Certificates issued by Let's Encrypt have two options for their chain
of trust: the chain can either terminate in the self-signed ISRG Root
X1 root certificate, or in an intermediate ISRG Root X1 certificate
that is signed in turn by the self-signed DST Root CA X3 root
certificate.  This is a historical artifact: when Let's Encrypt first
launched as a project, the chain ending in DST Root CA X3 was used
since existing clients would not have recognised the ISRG Root X1
certificate as a trusted root certificate.

The DST Root CA X3 certificate expired in September 2021, and so is no
longer trusted by clients (such as iPXE) that validate the expiry
times of all certificates in the certificate chain.

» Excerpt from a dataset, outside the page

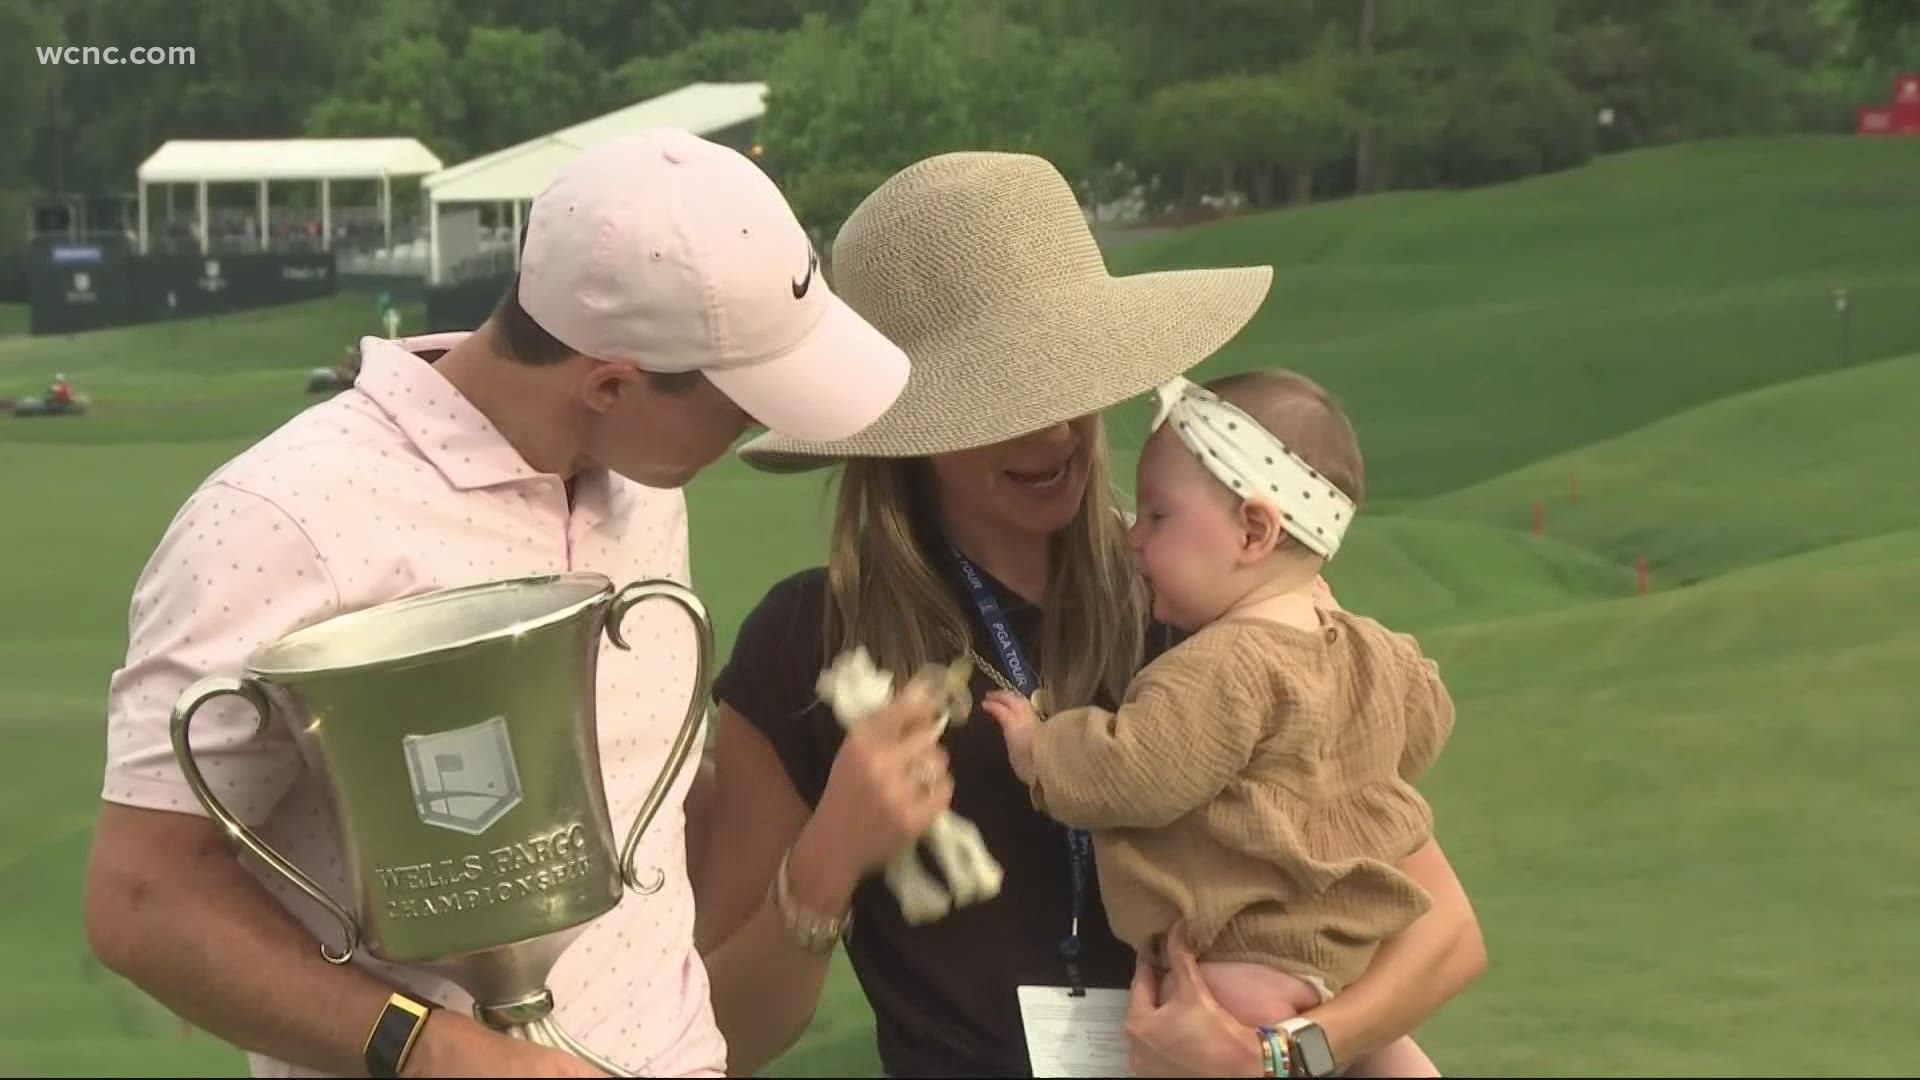 Rory McIlroy's wife, Erica, was celebrating her first Mother's Day, toting the couple's 8-month-old daughter as Rory won the championship.

In order to maintain usability of certificates on older Android
devices, the default certificate chain provided by Let's Encrypt still
terminates in DST Root CA X3, even though that certificate has now
expired.  On newer devices which include ISRG Root X1 as a trusted
root certificate, the intermediate version of ISRG Root X1 in the
certificate chain is ignored and validation is performed as though the
chain had terminated in the self-signed ISRG Root X1 root certificate.
On older Android devices which do not include ISRG Root X1 as a
trusted root certificate, the validation succeeds since Android
chooses to ignore expiry times for root certificates and so continues
to trust the DST Root CA X3 root certificate.

This backwards compatibility hack unfortunately breaks the cross-
signing mechanism used by iPXE, which assumes that the certificate
chain will always terminate in a non-expired root certificate.

Generalise the validator's cross-signed certificate download mechanism
to walk up the certificate chain in the event of a failure, attempting
to find a replacement cross-signed certificate chain starting from the
next level up.  This allows the validator to step over the expired
(and hence invalidatable) DST Root CA X3 certificate, and instead
download the cross-signed version of the ISRG Root X1 certificate.

This generalisation also gives us the ability to handle servers that
provide a full certificate chain including their root certificate:
iPXE will step over the untrusted public root certificate and attempt
to find a cross-signed version of it instead.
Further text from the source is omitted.